June 15th: From Figma designs to iOS implementation
@itsmeterrylin|June 15, 2025 (2w ago)0 views
Published: June 15, 2025
This week I focused on taking the designs created last week and implementing them into the iOS app. What I thought would be straightforward turned into a back and forth loop in working with AI tools and understanding the nuances of design-to-code workflows.
✅ What Went Well
Design system foundation paying off: Having spent the last couple weeks building out the design system in Figma, I can now design much faster. More importantly, I can implement faster because I have a clear foundation to work from. The upfront investment in systematic design is finally showing dividends.
Figma MCP workflow breakthrough: I discovered a much better approach for working with LLMs and Figma designs. Instead of giving screenshots with multiple elements (which confuses the AI), I learned to isolate specific components in Figma and MCP directly to that node ID. This gives the AI much less room to get confused and makes the implementation more focused.

Consistent design-to-code capability: The biggest win is that I can now confidently take a design from Figma and implement it correctly within a predictable timeframe. This feels like crossing a major threshold.
❌ What Didn't Go Well
The infamous "last 20%" tuning: Even with better Figma MCP workflows, LLMs still make assumptions that require significant cleanup. The most frustrating example: I had designed an exercise history component where users scroll through past workouts, but the LLM decided to put it in its own container with independent scrolling. This meant users could only see 1-2 exercises before hitting a tiny scroll area instead of scrolling through the entire page naturally.
LLM over-engineering: LLMs consistently try to "help" by adding things you didn't ask for.

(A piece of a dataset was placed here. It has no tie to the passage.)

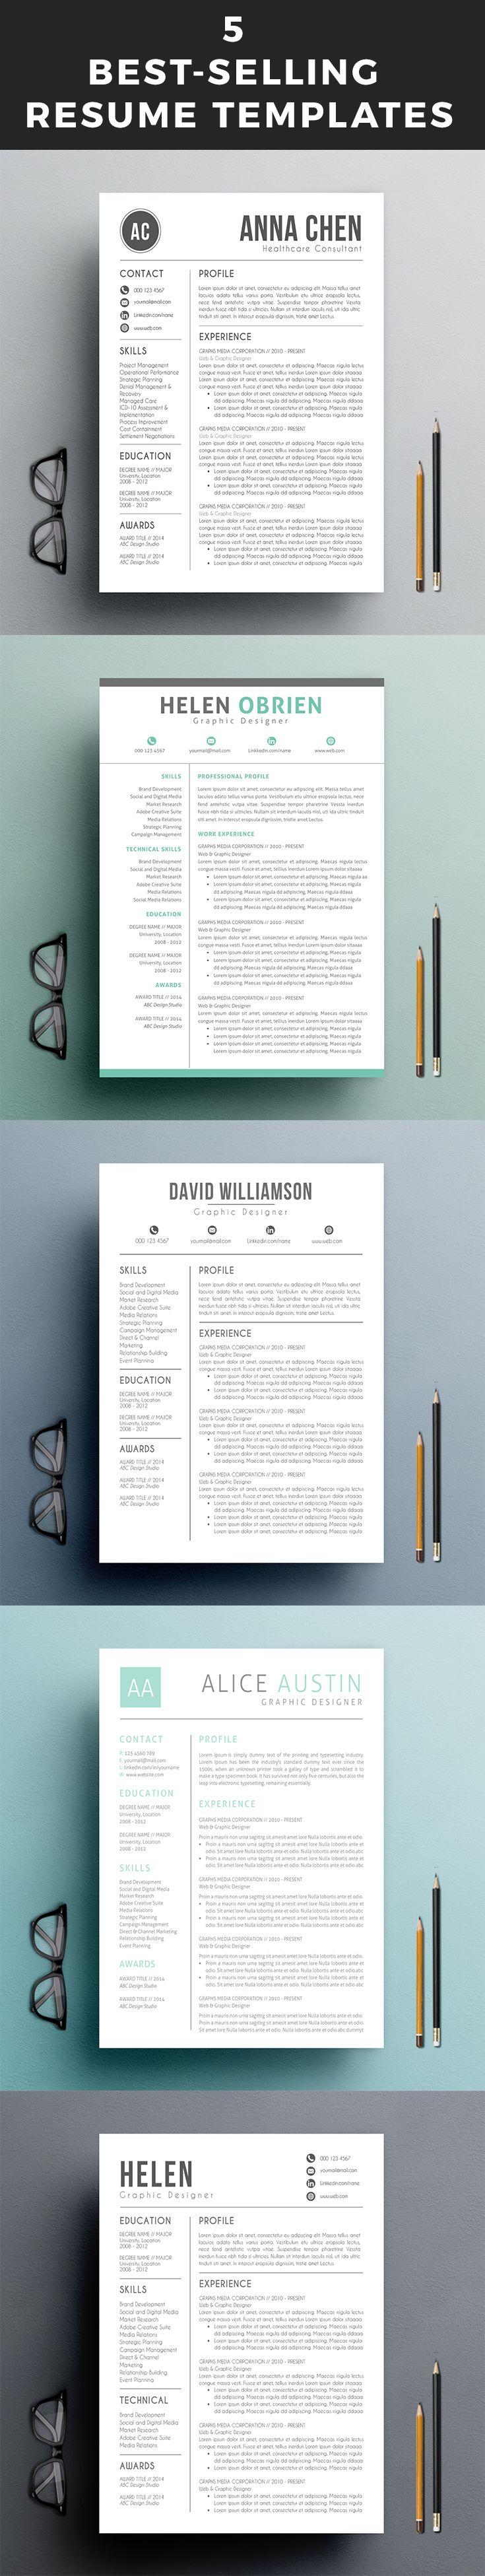 5 Best-Selling Resume Templates | Resume | Pinterest | Currículum

They'll add placeholder text when you give them a static image, duplicate existing features, or ignore your color system in favor of what they think looks better. For a simple loading screen update where I provided the exact static image to use, the LLM still assumed it needed to add more text elements.

2+ hours of interaction cleanup: What should have been a straightforward implementation turned into hours of back-and-forth telling the AI to remove duplicated features, fix color inconsistencies, and correct layout assumptions. It's still faster than coding from scratch, but the constant "no, don't add that" and "use the actual colors from the design system" gets tedious.
💡 What I Learned
State definition is everything: If you don't explicitly define UI states upfront, LLMs will assume states for you—and that's where everything goes wrong. You end up in this weird QA loop where the AI assumes something you didn't want, you correct it, but since you never defined the complete state picture, you just create new assumptions. This is especially dangerous with React state and rendering, where unclear state definitions can create bugs that are hard to trace.

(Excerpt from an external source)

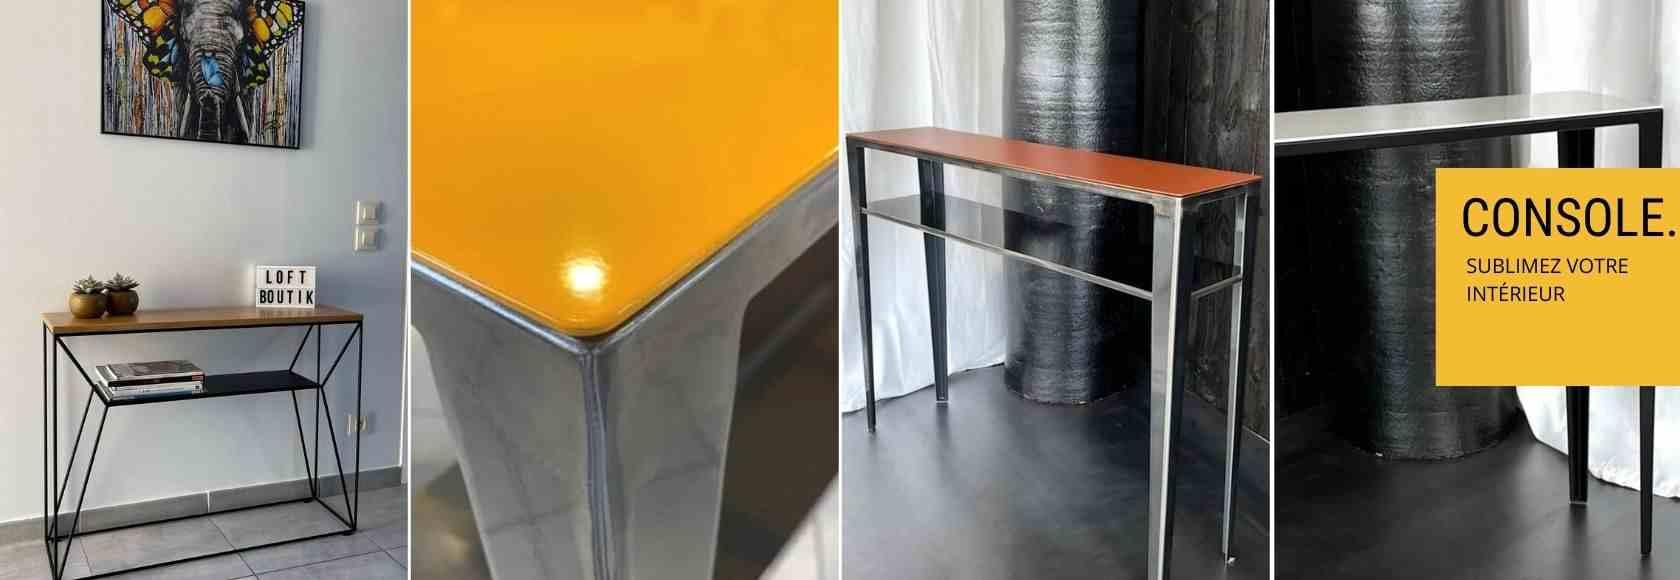 loftboutik meuble console mobilier design table basse design. Black Bedroom Furniture Sets. Home Design Ideas

The solution is methodical state mapping: Before any implementation, I need to map out every state systematically: what should it look like, what triggers the change, what's the expected behavior, what happens if something fails. It's like creating a blueprint that prevents the AI from filling in gaps with its own assumptions.

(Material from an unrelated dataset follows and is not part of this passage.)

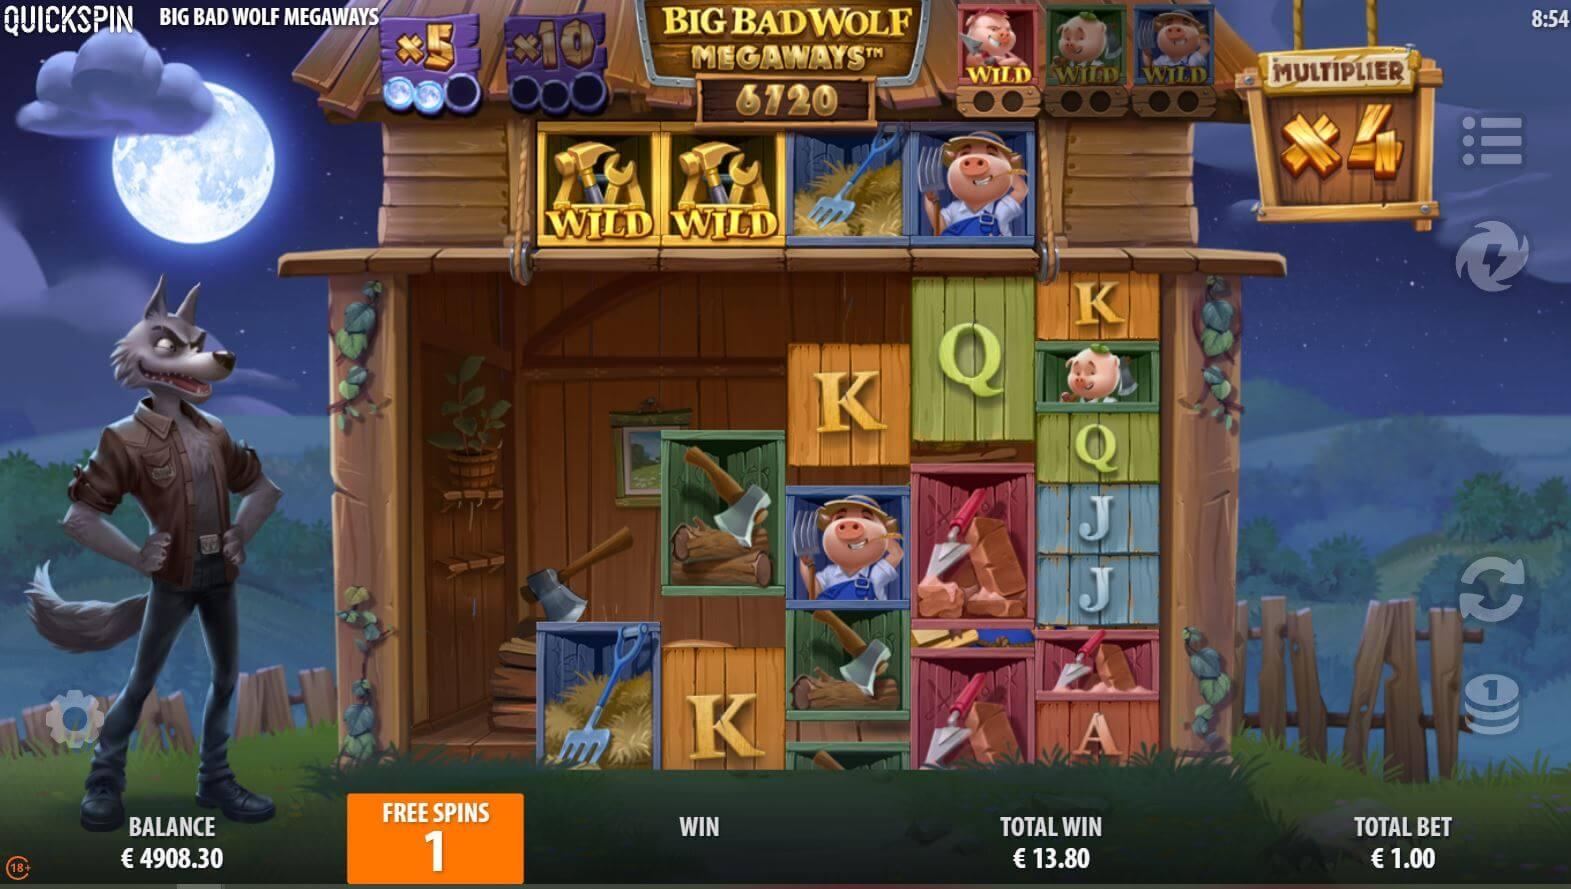 Big Bad Wolf Megaways Bonusgame

What I'm Doing Next Week 🚀
Recording screen redesign with systematic state mapping: I'm applying this week's learning about state definition to redesign the recording screen completely. Instead of jumping into implementation, I'm going to map out every state first in Figma.
Daily component approach: My plan is methodical—1-2 hours during weekdays working on one component per day. This should give me time to think through each state thoroughly without rushing.
Weekend integration: Friday after work I'll combine all the components into a cohesive design, then Saturday I'll do the actual implementation. This way I have a complete, well-thought-out design system before any LLM touches the code.
This approach should eliminate the 2+ hour cleanup cycles I experienced this week, since I'll have every state and interaction defined upfront.